Re: Prefetch the next tuple's memory during seqscans

David Rowley Mon, 03 Apr 2023 21:50:40 -0700

On Tue, 4 Apr 2023 at 07:47, Gregory Stark (as CFM) <stark....@gmail.com> wrote:
> The referenced patch was committed March 19th but there's been no
> comment here. Is this patch likely to go ahead this release or should
> I move it forward again?


Thanks for the reminder on this.

I have done some work on it but just didn't post it here as I didn't
have good news.  The problem I'm facing is that after Melanie's recent
refactor work done around heapgettup() [1], I can no longer get the
same speedup as before with the pg_prefetch_mem(). While testing
Melanie's patches, I did do some performance tests and did see a good
increase in performance from it. I really don't know the reason why
the prefetching does not show the gains as it did before. Perhaps the
rearranged code is better able to perform hardware prefetching of
cache lines.

I am, however, inclined not to drop the pg_prefetch_mem() macro
altogether just because I can no longer demonstrate any performance
gains during sequential scans, so I decided to go and try what Thomas
mentioned in [2] to use the prefetching macro to fetch the required
tuples in PageRepairFragmentation() so that they're cached in CPU
cache by the time we get to compactify_tuples().
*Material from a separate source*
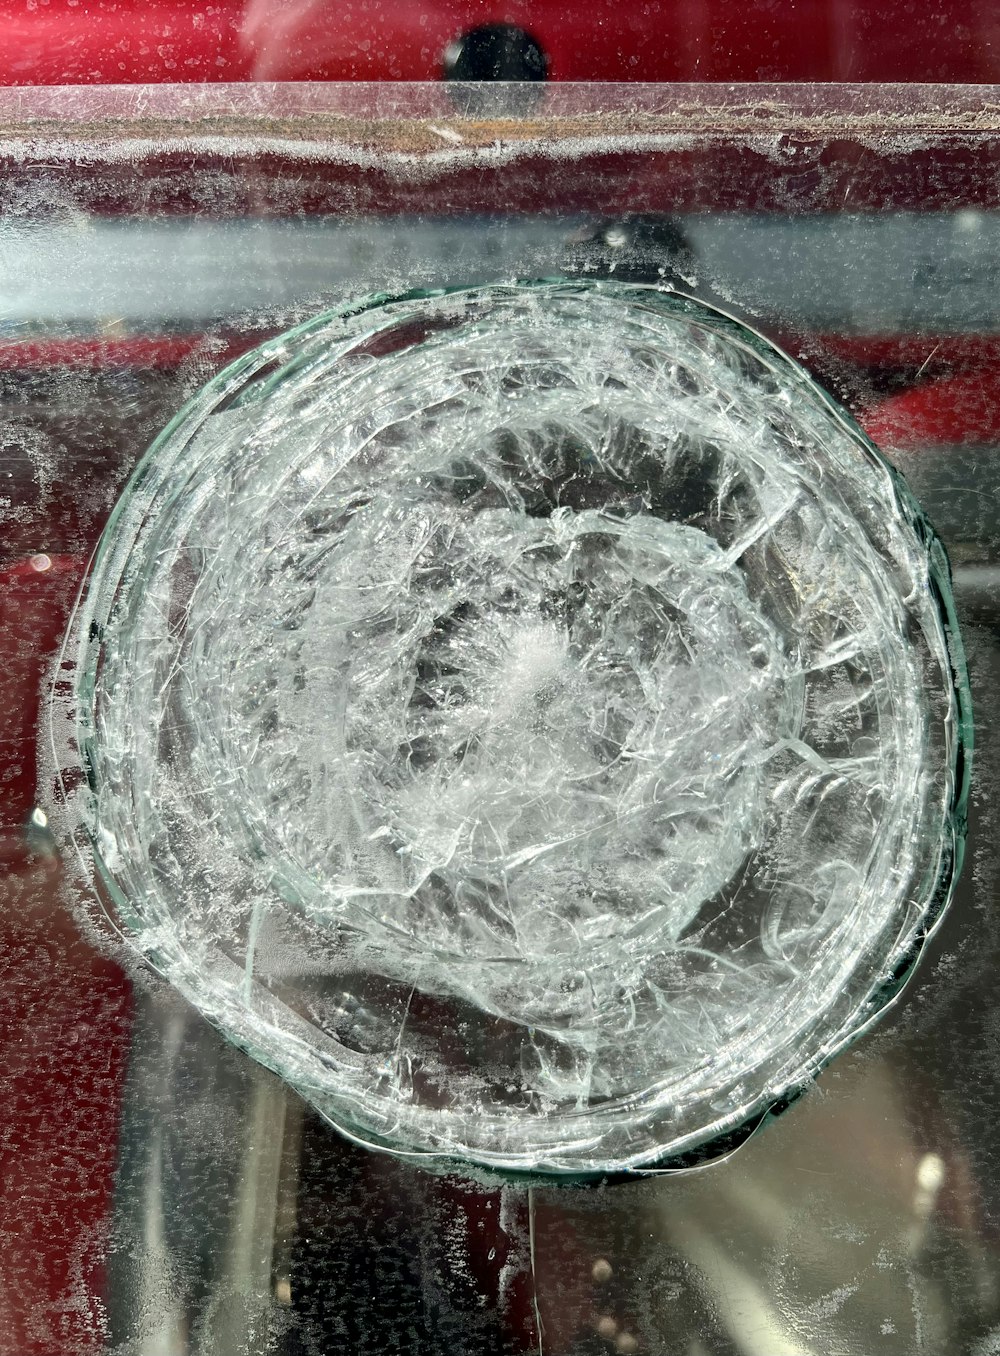 Un primer plano de un recipiente de vidrio sobre una mesa

I tried this using the same test as I described in [3] after adjusting
the following line to use PANIC instead of LOG:

ereport(LOG,
    (errmsg("redo done at %X/%X system usage: %s",
    LSN_FORMAT_ARGS(xlogreader->ReadRecPtr),
    pg_rusage_show(&ru0))));

doing that allows me to repeat the test using the same WAL each time.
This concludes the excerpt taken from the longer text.